The copy number and the repetitive nature of transgenes are important factors that need to be considered when trying to recapitulate the expression of a given gene as close to its endogenous counterpart as possible. It has long been known that low complexity transgenic arrays, or arrays with very high copy number can be silenced, especially in the germline (Kelly et al., 1997). In an attempt to generate fluorescent reporters that faithfully reflect the expression pattern of the gene of interest, we and others have previously reported the use of fosmid-based transgenes (Tursun et al., 2009). Here, we analyze the composition of high complexity arrays, some of which show robust germline expression, providing guidelines that should prove useful to other C. elegans researchers.

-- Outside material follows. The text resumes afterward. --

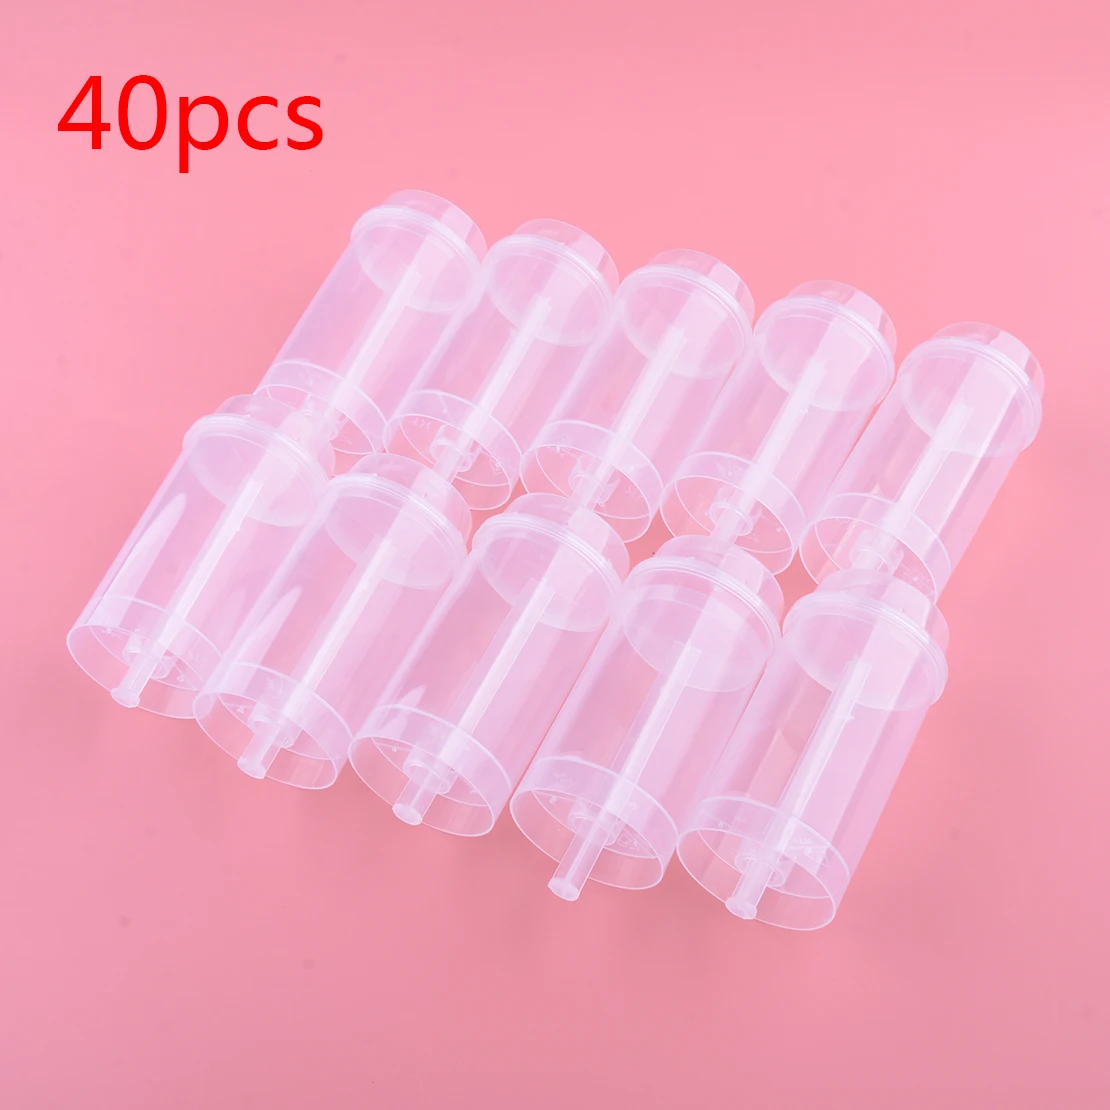 

40Pcs Transparent PP Anti-skid DIY Pushable Push Up Pop Cake Holders Containers for Cheesecake Mousse Pudding Ice-creams Jelly

We created transgenic arrays by injection of the specified DNA (fosmid, plasmid or PCR product of the locus of interest) at the indicated concentrations (Figure 1). In all arrays, except ntIs1 and otIs314, all component DNAs were linear. The integrated strains were generated by γ-irradiation and they were outcrossed at least twice. The strains carrying the extrachromosomal fosmid arrays were co-injected with the pBX plasmid containing the wild type copy of the pha-1 gene in a pha-1(e2123) mutant background strain (Granato et al., 1994). Genomic DNA was prepared from the transgene containing strains and analyzed by array Comparative Genomic Hybridization (aCGH) (Maydan et al., 2007). The arrays used contain 50-mer probes tiling the 100-Mb genome of C. elegans. A segmentation algorithm was able to identify all transgene components. The log2 of the ratio between fluorescent intensities (array containing strain/wild type) was averaged over the area of the genome that was detected as being amplified and is shown as the “Mean log2 ratio”. From this we estimated the number of copies of each component of the transgene, shown as number of copies per chromosome for the integrated transgenes, or number of copies per array for the extrachromosomal arrays (Figure 1).

Strains containing the ntIs1 transgene have been previously whole genome sequenced in our lab (Sarin et al., 2010). We used these data to calculate the copy number of the components of ntIs1 transgene by dividing the average sequencing depth of the transgene region with the average sequencing depth across all non-gap regions, and found 51 copies for gcy-5prom::gfp (vs. 31 by CGH) and 13 copies for lin-15 (vs. 11 by CGH). Comparison of these numbers with those from the aCGH analysis supports the fact that in general estimation of copy number by aCGH is more accurate for log2 ratios lower than +4 and there is probably an under-estimation of copy number for log2 ratios higher than +4 since they fall in the non-linear range, near saturation in that case.

For the extrachromosomal arrays of the fosmid reporters, an injection concentration of 15-50 ng/μl resulted in an average of 8 fosmid copies per array. While the data show that there is not a perfect correlation between injection concentration and copy number one could try to reduce the injection concentration if lower copy numbers were desired. In our experience, even transgenes that are integrated at 11 copies per chromosome (22 in a homozygote animal) are still able to provide germline expression, as seen for otIs284 (Tursun et al., 2011).